Rilmenidine treatment then started at 5 weeks of age. Behavioural testing began at the age of 12 weeks, when N171-82Q mice show a clear difference in motor performances compared with non-transgenic littermates, and mice were then tested every 2 weeks until death or euthanasia due to reaching the humane endpoint.
Grip strength was quantified using a grip strength meter from 12 to 24 weeks. Rilmenidine-treated 171-82Q mice displayed significant improved forelimb grip strength (Fig. 2A) and all limbs grip strength (Fig. 2B) from 12 to 22 weeks of age. There was no influence of rilmenidine treatment on the performance of wild-type mice. Also there was no difference between the two groups in forelimb or all limb grip strength before treatment commenced at 4 weeks of age.

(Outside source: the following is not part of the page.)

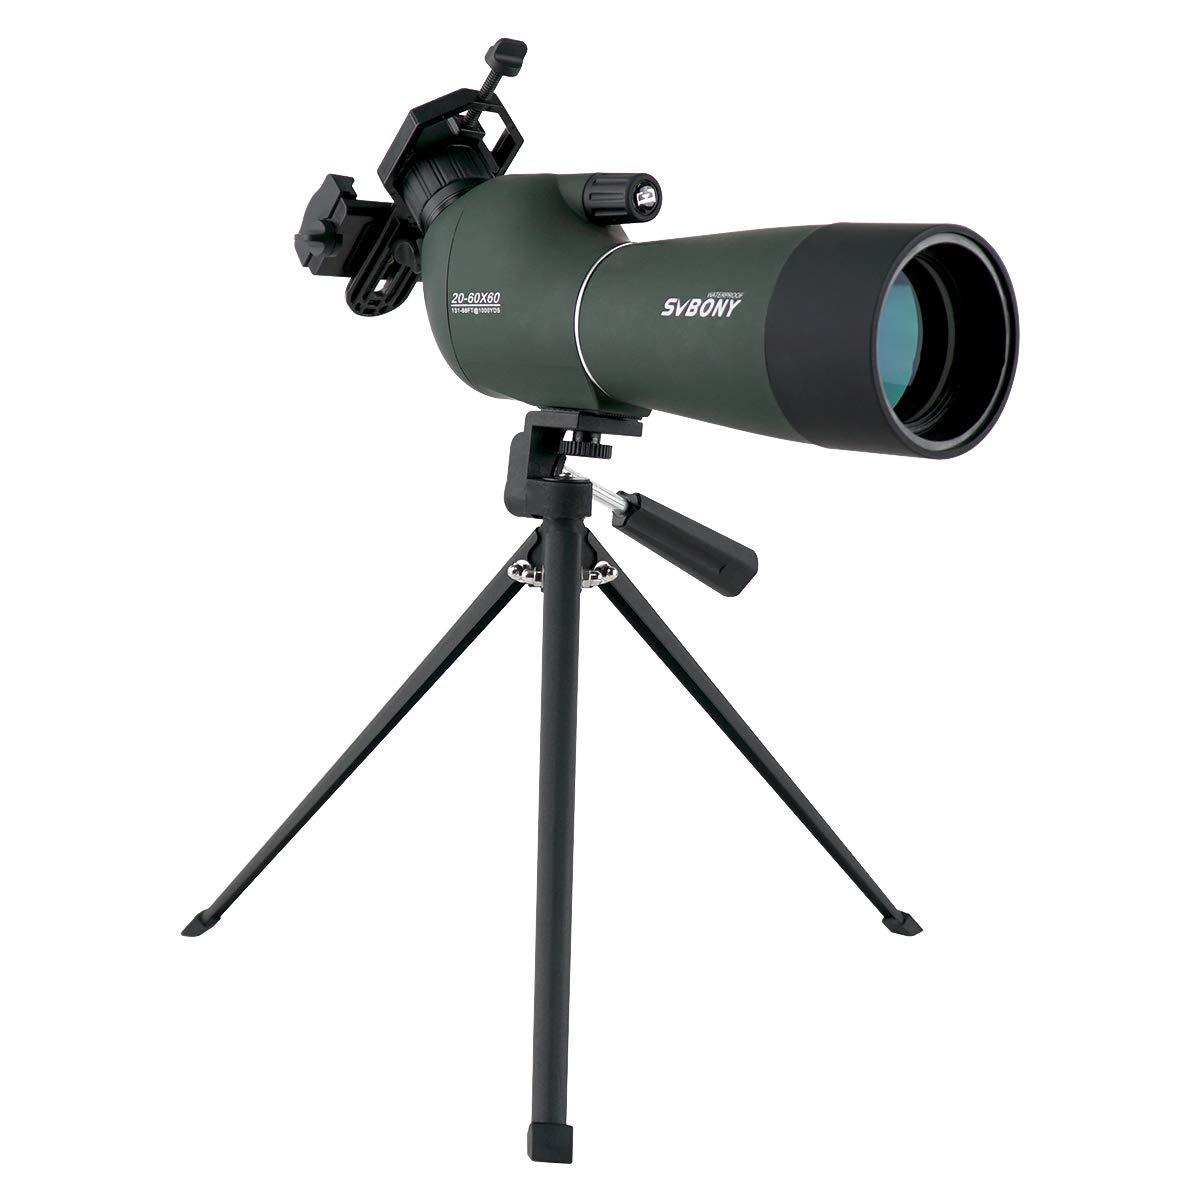 SVBONY SV28 Porro Prism Spotting Scope 20-60x60mm Bird Scopes Shooting Bird Watching 45 Degree Angled Eyepiece Telescope Target Shooting Hunting Bak4 Prism Phone Adapter(20-60x60mm) by SVBONY

The wire manoeuvre tests the capacity of the mice to climb back on a horizontal wire when hung on the wire by their forelimbs. Rilmenidine-treated 171-82Q mice performed significantly better on the wire manoeuvre task from 12 until 20 weeks of age (Fig. 3A), and again there was no difference between the two groups before the start of treatment at 4 weeks. Also there was no influence of rilmenidine treatment on the performance of wild-type mice (data not shown).

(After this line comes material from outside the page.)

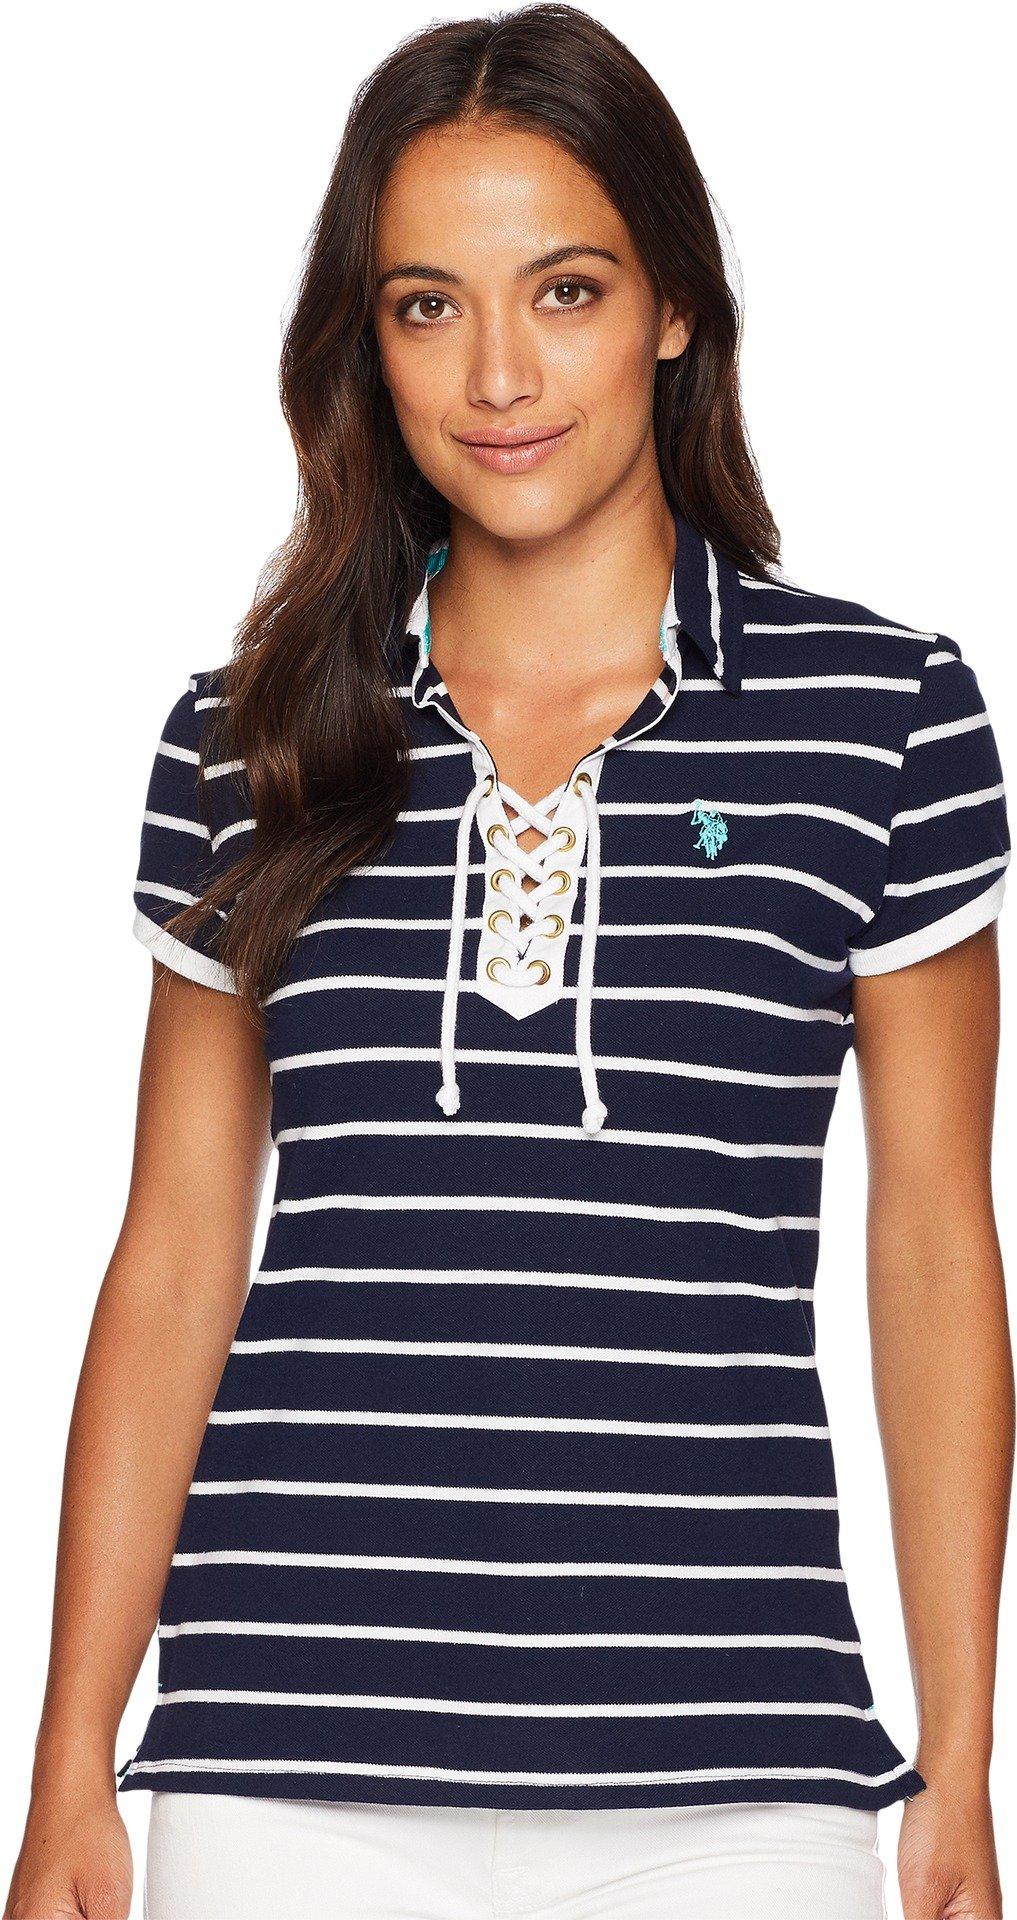 U.S. Polo Assn. Women's Laceup Striped Pique Shirt, Tribal Navy, M

The severity of tremors was significantly improved in rilmenidine-treated 171-82Q mice at 16 and 18 weeks of age, and a trend towards an improvement was also seen at the age of 12 weeks (Fig. 3B), in comparison to the control group. Wild-type mice do not demonstrate tremors at these ages, and rilmenidine treatment did not induce tremors in wild-type mice (data not shown).

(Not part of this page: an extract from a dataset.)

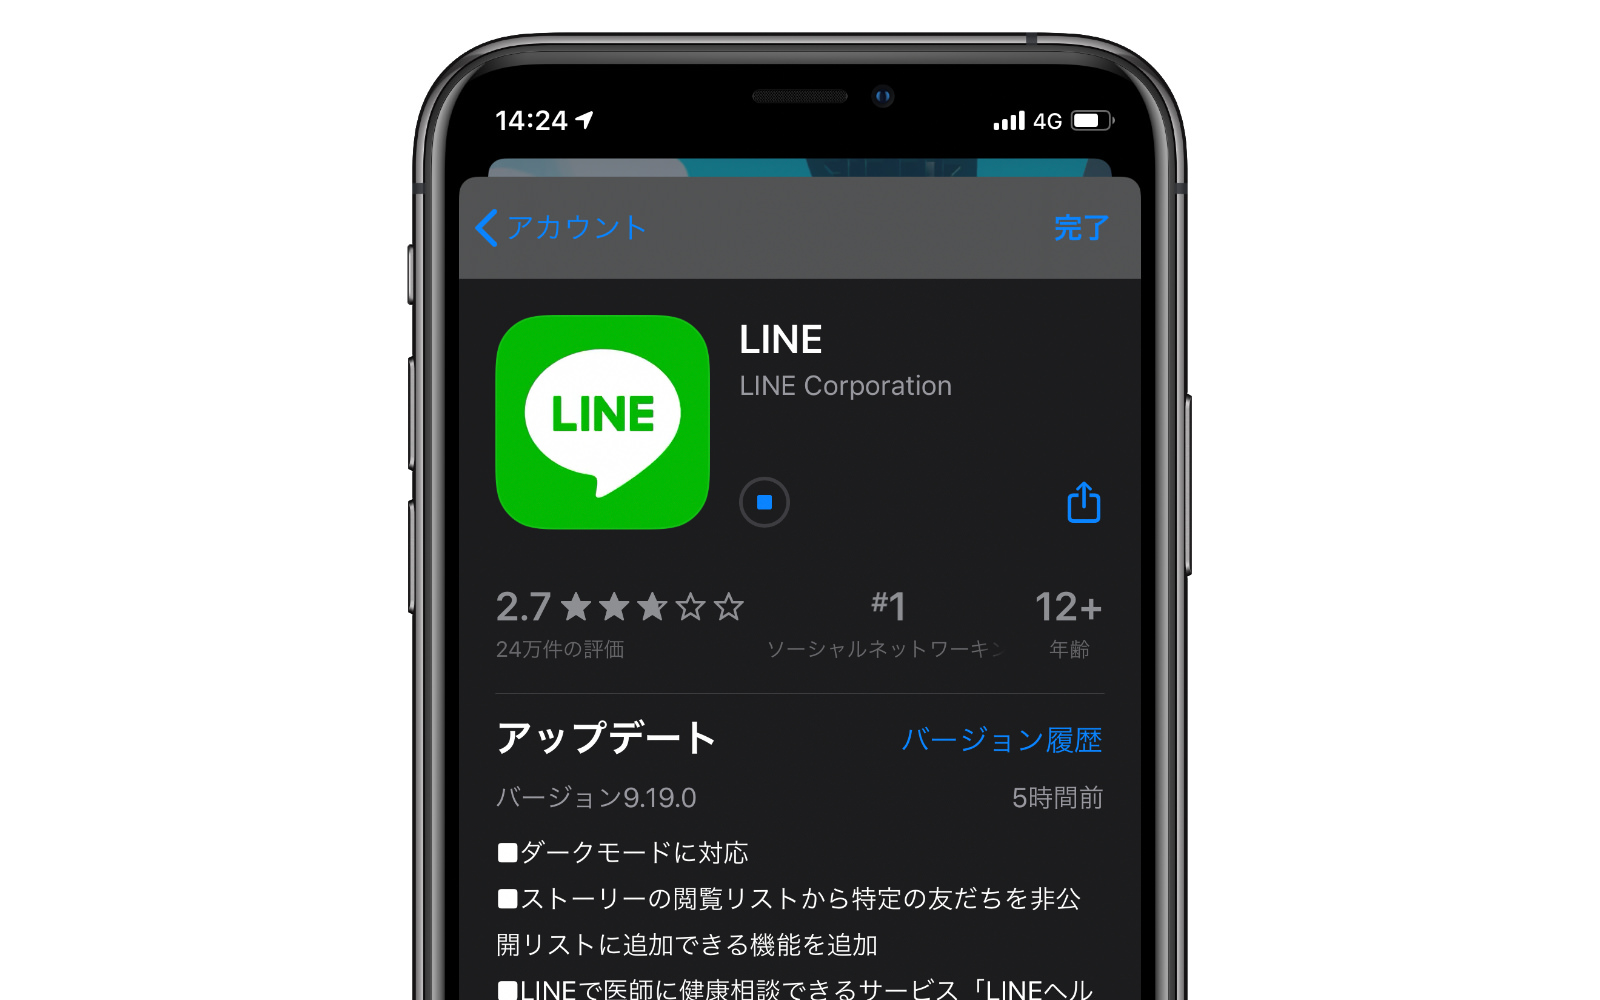 Line ダーク モード

The accelerated rotarod apparatus is a measure of motor coordination and measures the ability of a mouse to maintain balance on a rotating cylinder (rotating towards the mouse). As shown in Fig. 4A, we found a significant influence of rilmenidine treatment on the behaviour of wild-type mice in this test. Rilmenidine-treated wild-type mice spent significantly less time on the rotarod at 14–24 weeks of age, and even at 12 weeks a trend towards a diminished performance was visible. This may be due to the reported sedative effects of the compound (31). However, despite the decline in rotarod performance seen in wild-type mice, rilmenidine-treated 171-82Q mice stayed significantly longer on the rotarod than control mice at 12 weeks of age (Fig. 4B). At later time points (14–24 weeks), we did not observe a decline in the performance of rilmenidine-treated 171-82Q mice as observed in the wild-type mice. Rather, the performance of rilmenidine-treated transgenic mice was similar to these mice treated with the carrier substance. At 22 weeks of age, there was again a trend towards an improved performance of the rilmenidine-treated animals. Thus, despite the negative effects of this drug on wild-type performance (probably due to its known sedative effects) (31), a ‘net improvement’ by rilmenidine in our 171-82Q mice was observed.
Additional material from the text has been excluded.